I don't really think it's fair to compare the price of used/no warranty equipment to brand new equipment, but that's me.


----------



## atmuscarella (Oct 11, 2005)

So does this Sezmi actually work every where/ or just in the 36 markets listed on their web site? Seems like know that they have changed their model it should work anyplace.


----------



## P42 (Jan 7, 2003)

tiams, hopefully it works out better for you then it did for us.


----------



## Series3Sub (Mar 14, 2010)

The Sezmi is an OTA (Digital) DVR that records and play in HD. The limited 36 markets was related to the cable channels it was to offer, but that part failed badly. I believe only LA had the entire line-up running. Sezmi was to lease the OTA multiplex channels from local broadcasters and put cable channels on those channels closed to the public, but open to Sezmi DVR's. The biggest complaint was the terrible PQ of the cable channels on those multiplexed OTA frequencies and it seems that and the complexity of the cable channel plan was too much. That part of the Sezmi service is no more.

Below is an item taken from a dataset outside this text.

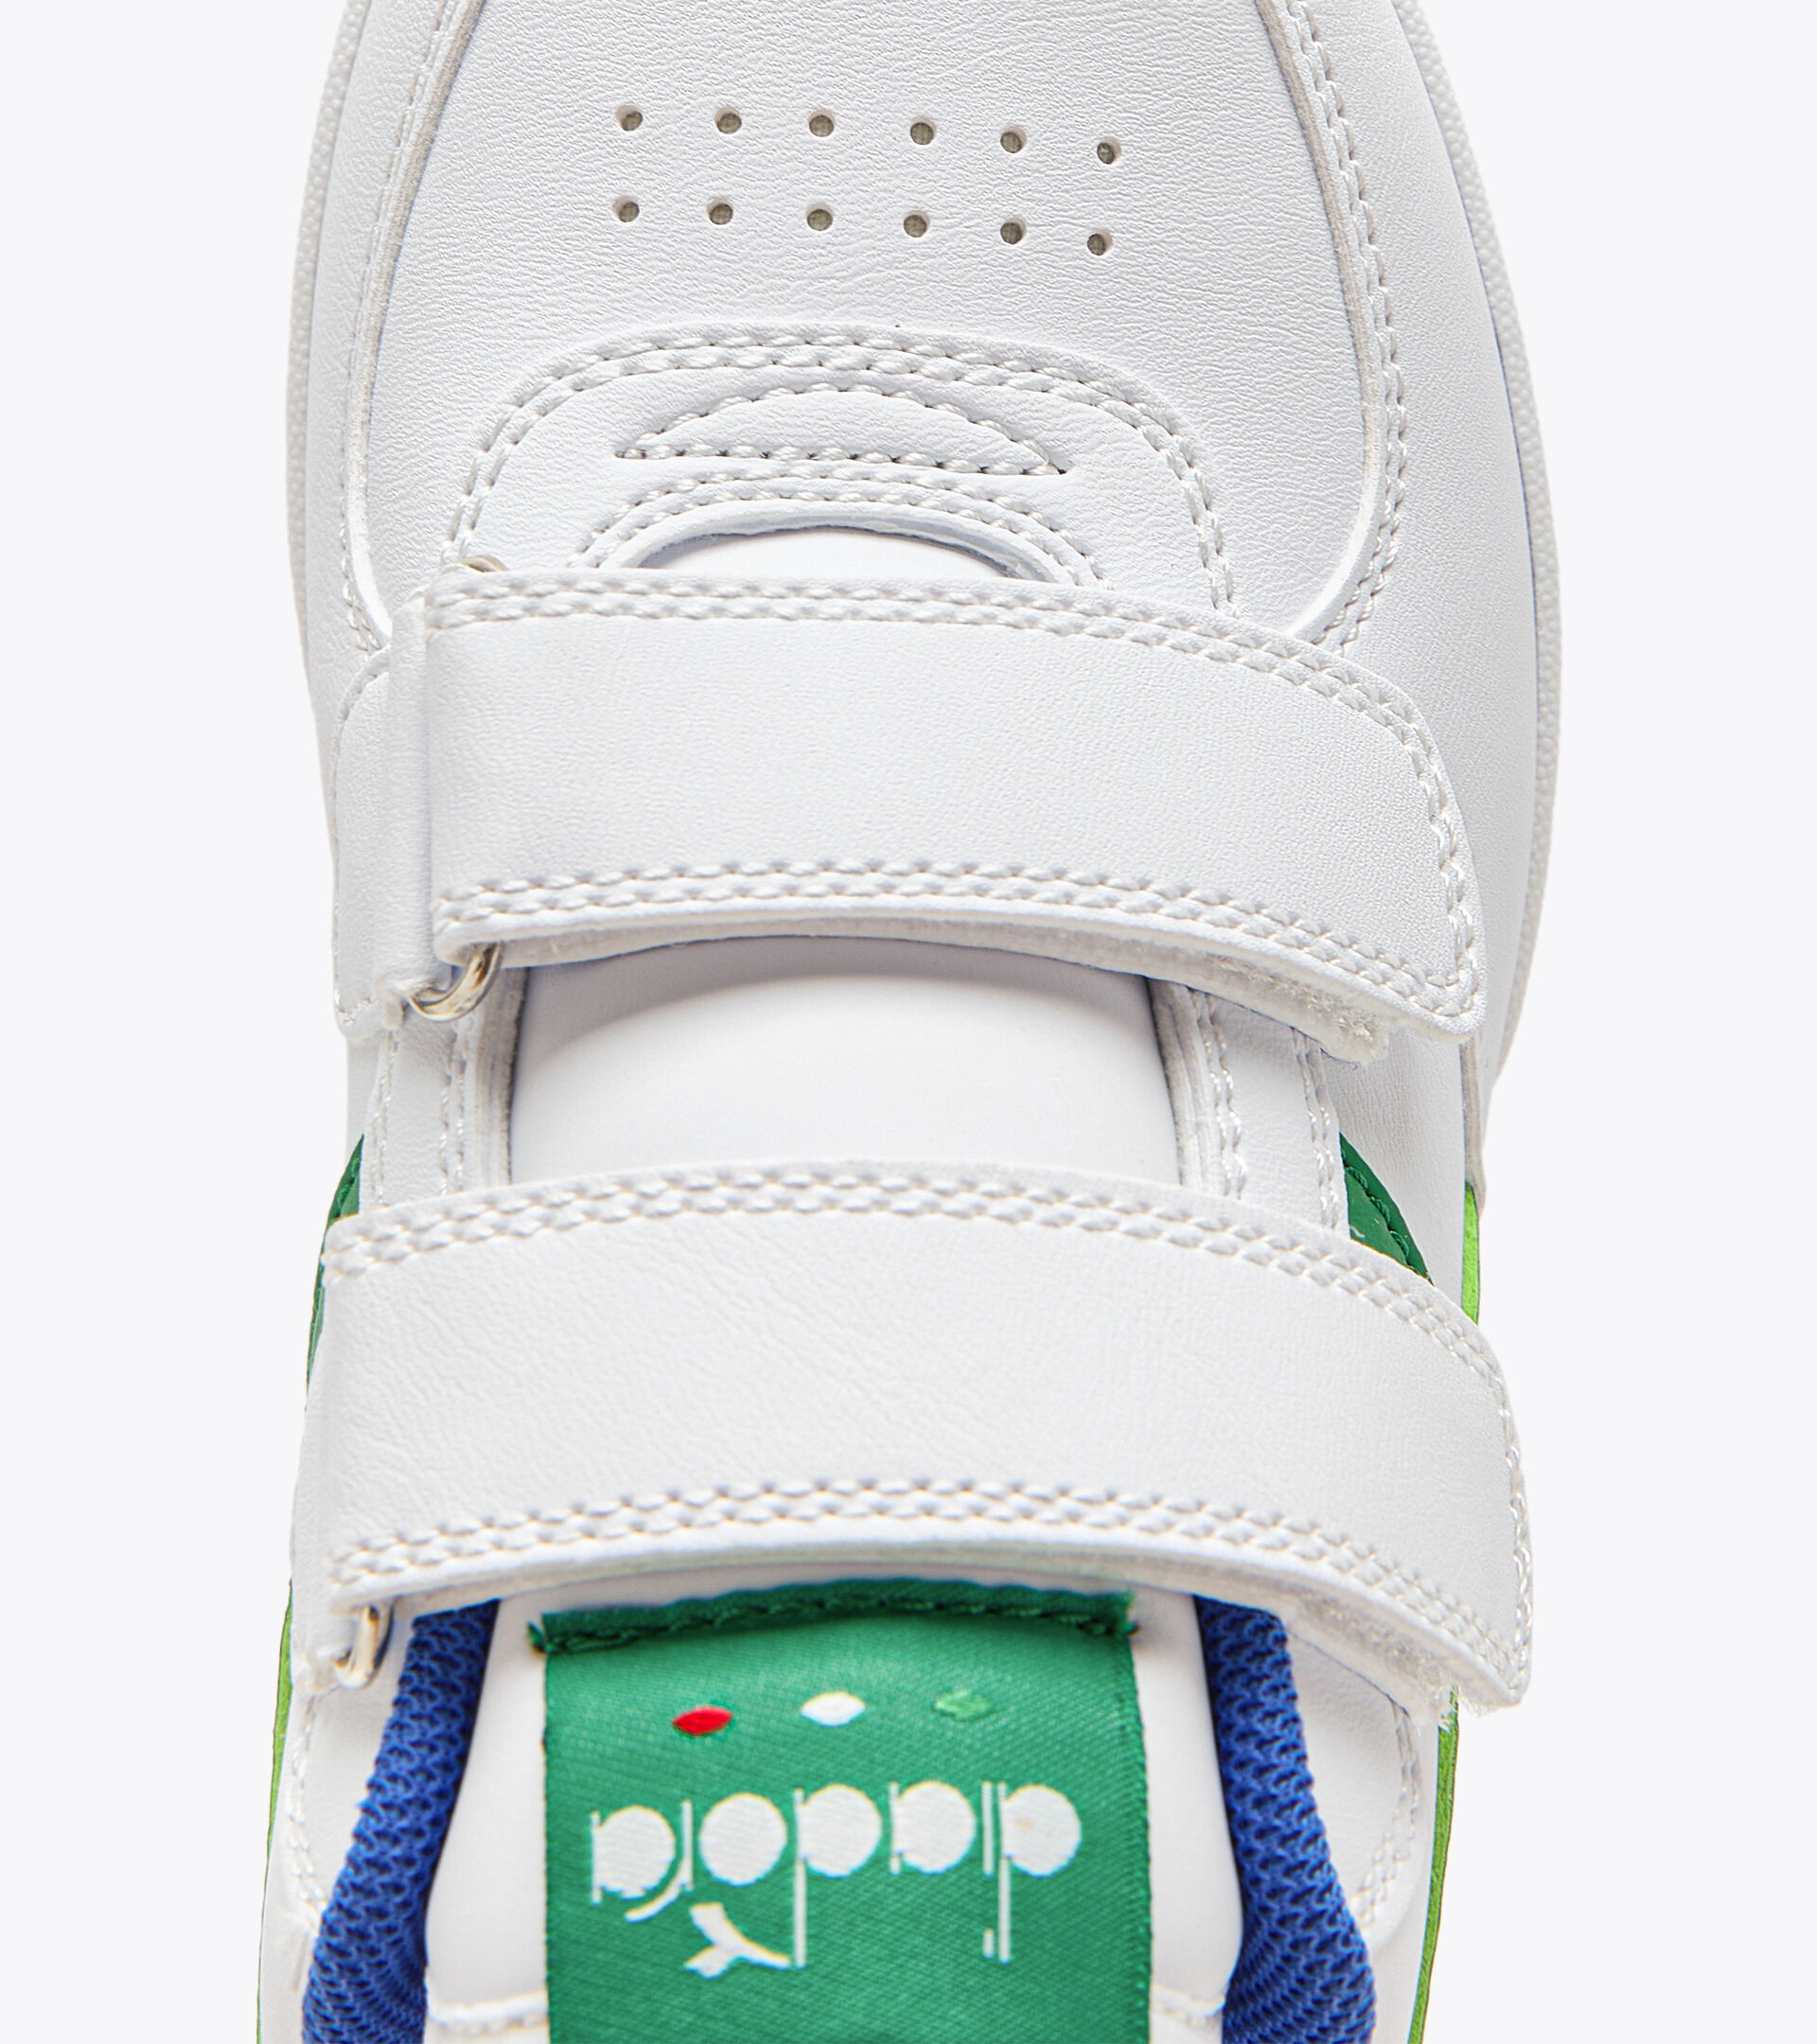 Zapatillas Tenis para niños - Diadora Tienda Online

However, Sezmi does provide on line access to major studios content of movies (and I think TV shows), but not Netflix or other OTT providers nor none of the most popular pod folks like CNET, Revision 3 or Twit.

So, the Sezmi is an HD OTA DVR that comes with an antenna with limited on-line content at only $5 per month. It is a well featured DVR with many of the same functions as TiVo such as Name Based Recording that the Channel Master DVR lacks. Sezmi may not be enough for the TiVo hackers, but is the best solution for those who want to cut the cord and do so INEXPENSIVELY and not have to spend all the coins in the cookie jar all at once as one's car may need a repair and not all of America has $400+ just begging to be spent on one thing like a DVR. For most of America, the only way they can afford something is low monthly payments because they aren't are wealthy as the folks on this forum.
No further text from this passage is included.